Careless code recycling cause killer kangas - Mutant Marsupials Take Up Arms Against Australian Air Force.
The reuse of some object-oriented code had caused tactical headaches for Australia's armed forces. As virtual reality simulators assume larger roles in helicopter combat training, programmers have gone to great lengths to increase the realism of their scenarios, including detailed landscapes and -- in the case of the Northern Territory's Operation Phoenix -- herds of kangaroos (since disturbed animals might well give away a helicopter's position).
The head of the Defence Science & Technology
Organisation’s Land Operations/Simulation division repeatedly instructed
developers to model the local marsupials' movements and reactions to Helicopters.
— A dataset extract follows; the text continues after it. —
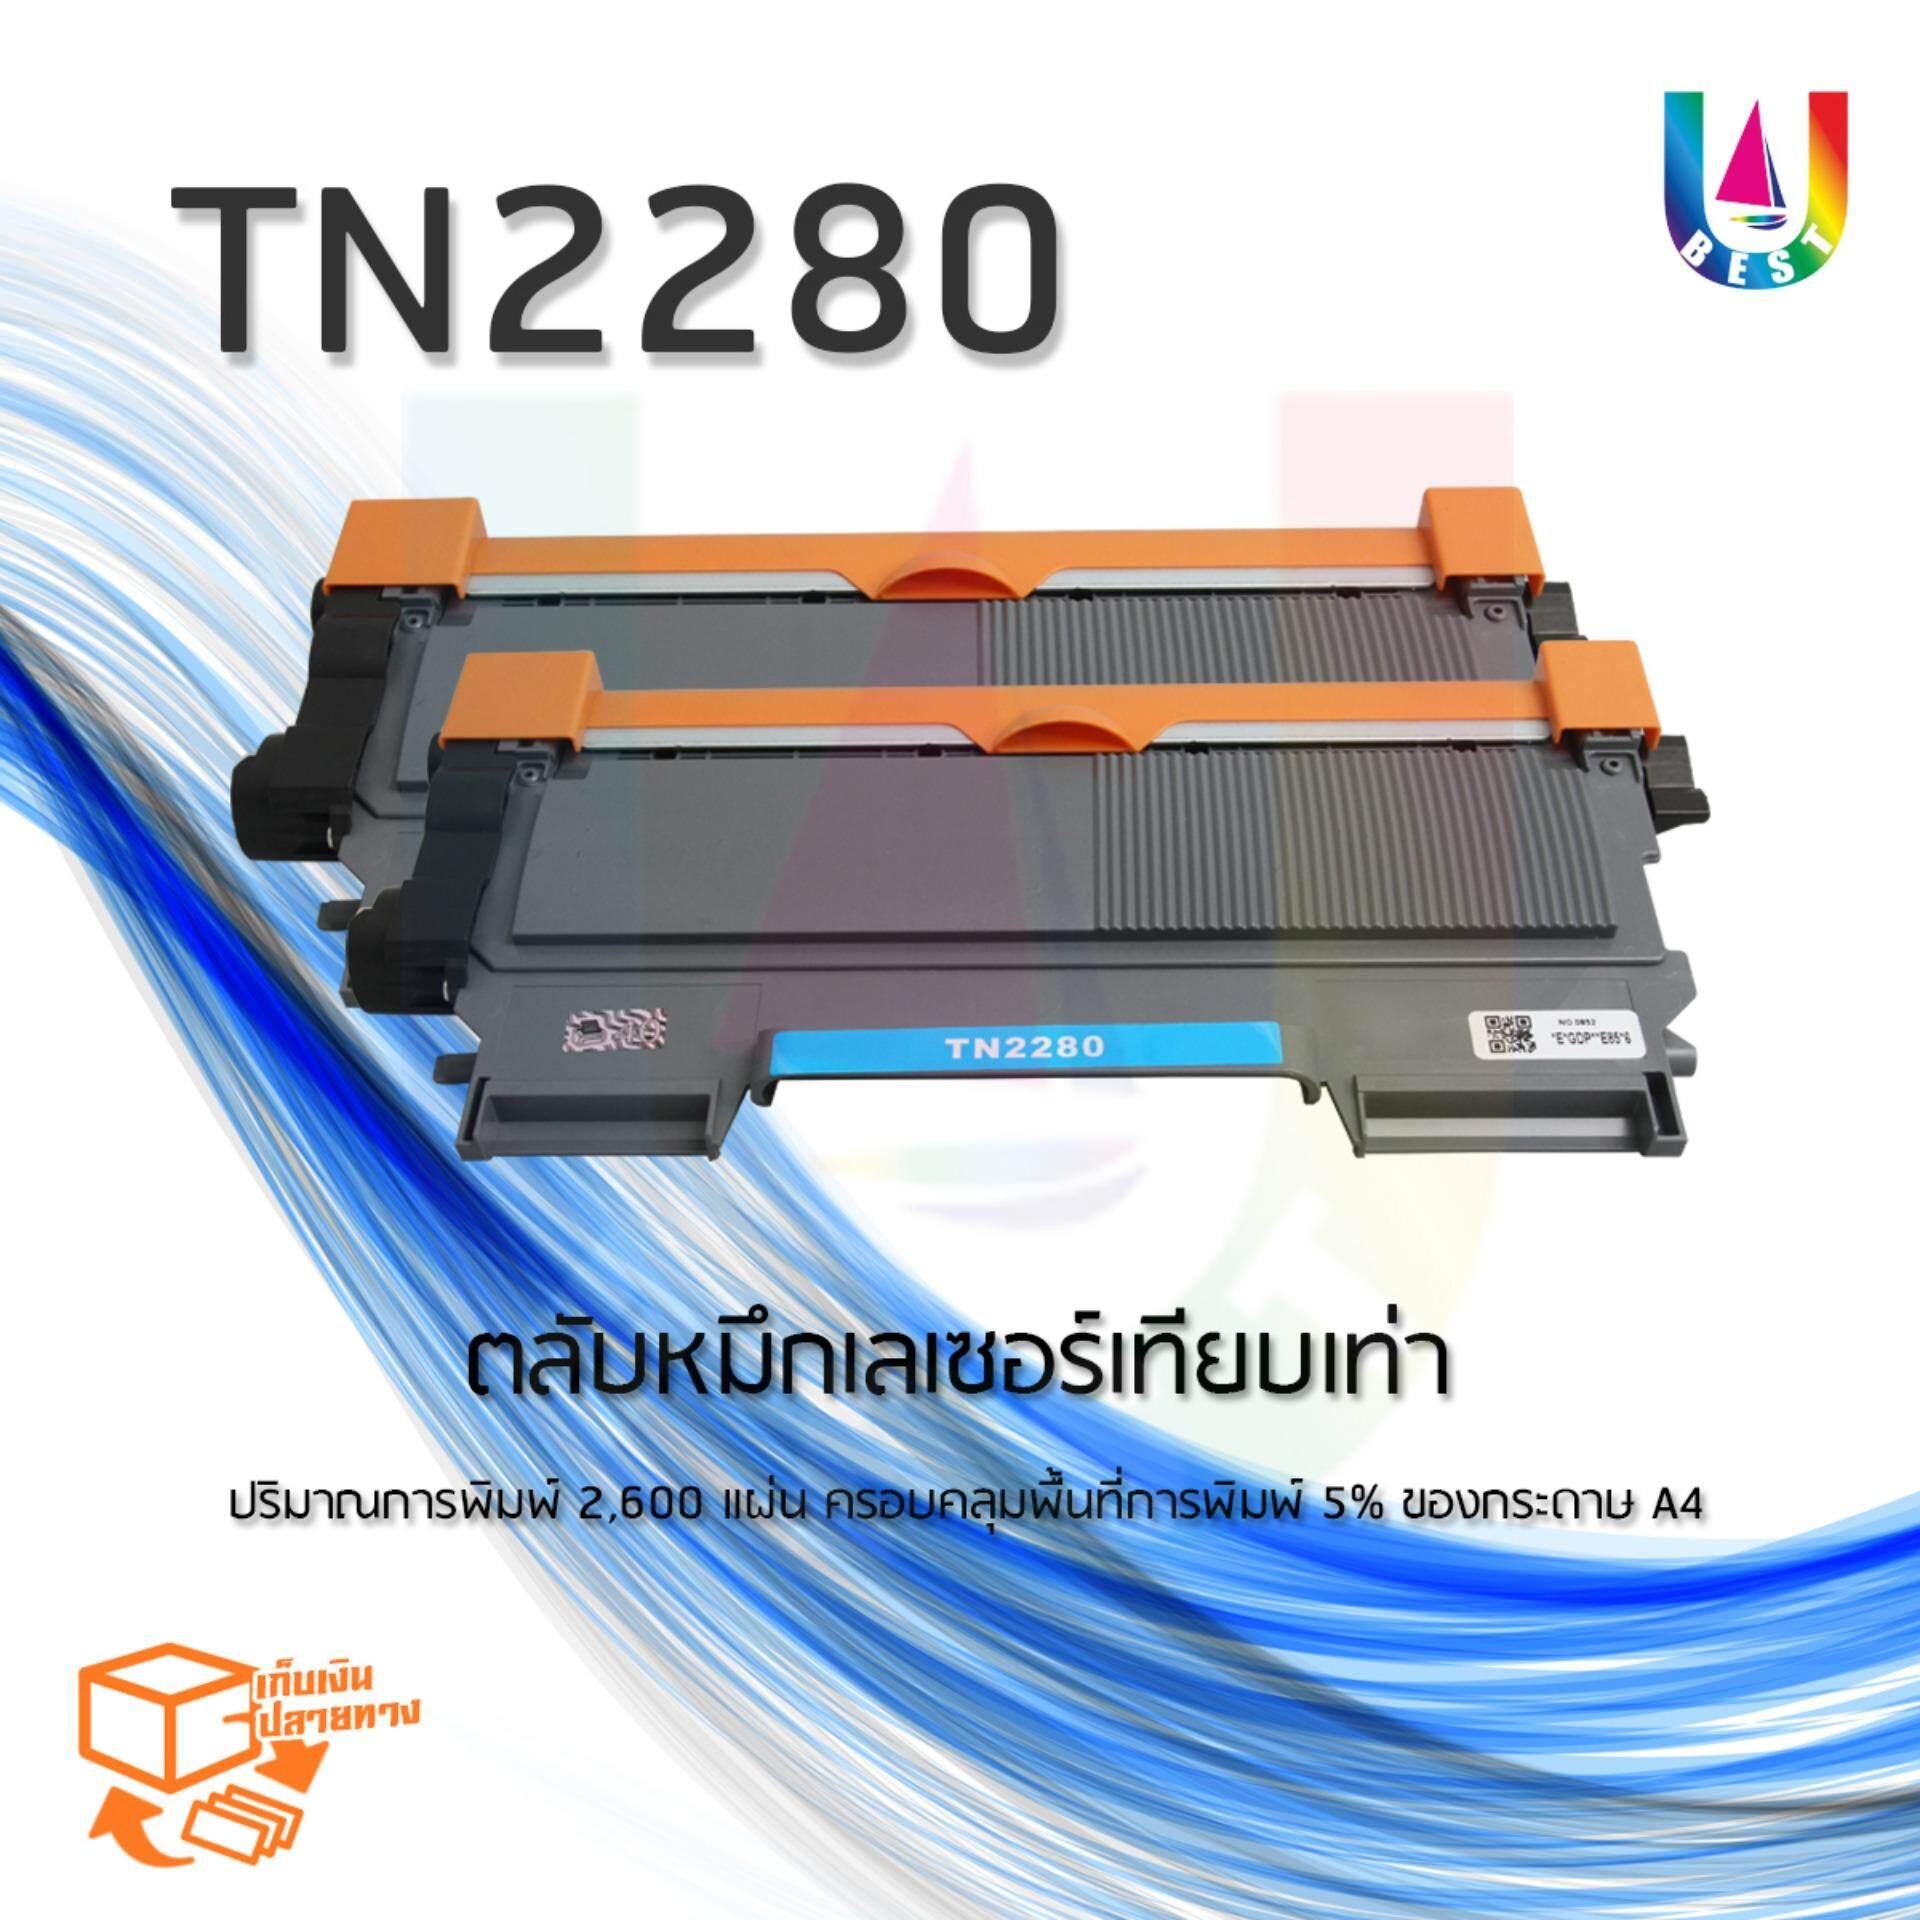 ราคา Axis Brother 2280 Tn 2280 Tn2280 ใช้กับปริ๊นเตอร์รุ่น Brother Hl 2130 2240D 2242D 2250Dn 2270Dw Dcp 7055 4060D 7065Dn Mfc 7240 7360N 7362 7460Dn 7470D 7860Dw Best4U Pack 2 เป็นต้นฉบับ Best 4 U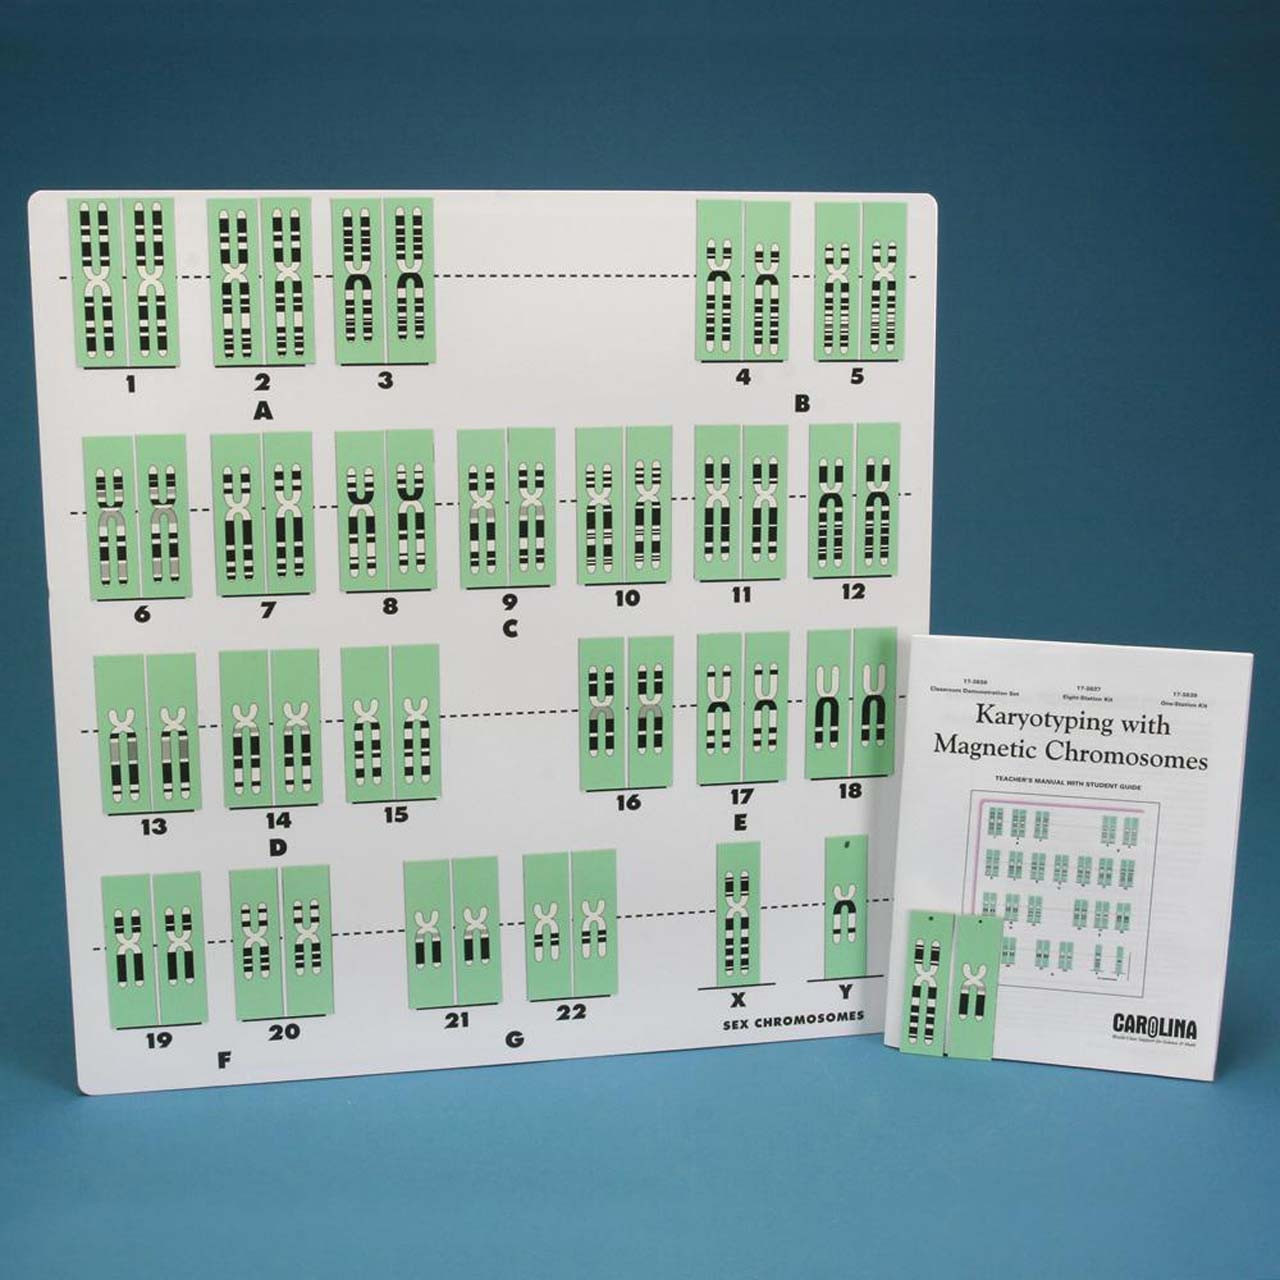 LAK2.25 - Karyotyping with Magnetic Chromosomes, 1-Station Kit

Being efficient programmers, they just re-appropriated some code originally
used to model infantry detachment reactions under the same stimuli, changed
the mapped icon from a soldier to a kangaroo, and increased the figures'
speed of movement.
Eager to demonstrate their flying skills for some visiting American pilots, the hotshot Aussies "buzzed" the virtual kangaroos in low flight during a simulation. The kangaroos scattered, as predicted, and the visiting Americans nodded appreciatively... then did a double take as the kangaroos reappeared from behind a hill and launched a barrage of Stinger missiles at the helpless helicopter. (Apparently the programmers had forgotten to remove THAT part of the infantry coding.) The lesson? Objects are defined with certain attributes, and any new object defined in terms of an old one inherits all the attributes. The embarrassed programmers had learned to be careful when reusing object-oriented code, and the Yanks left with a newfound respect for Australian wildlife.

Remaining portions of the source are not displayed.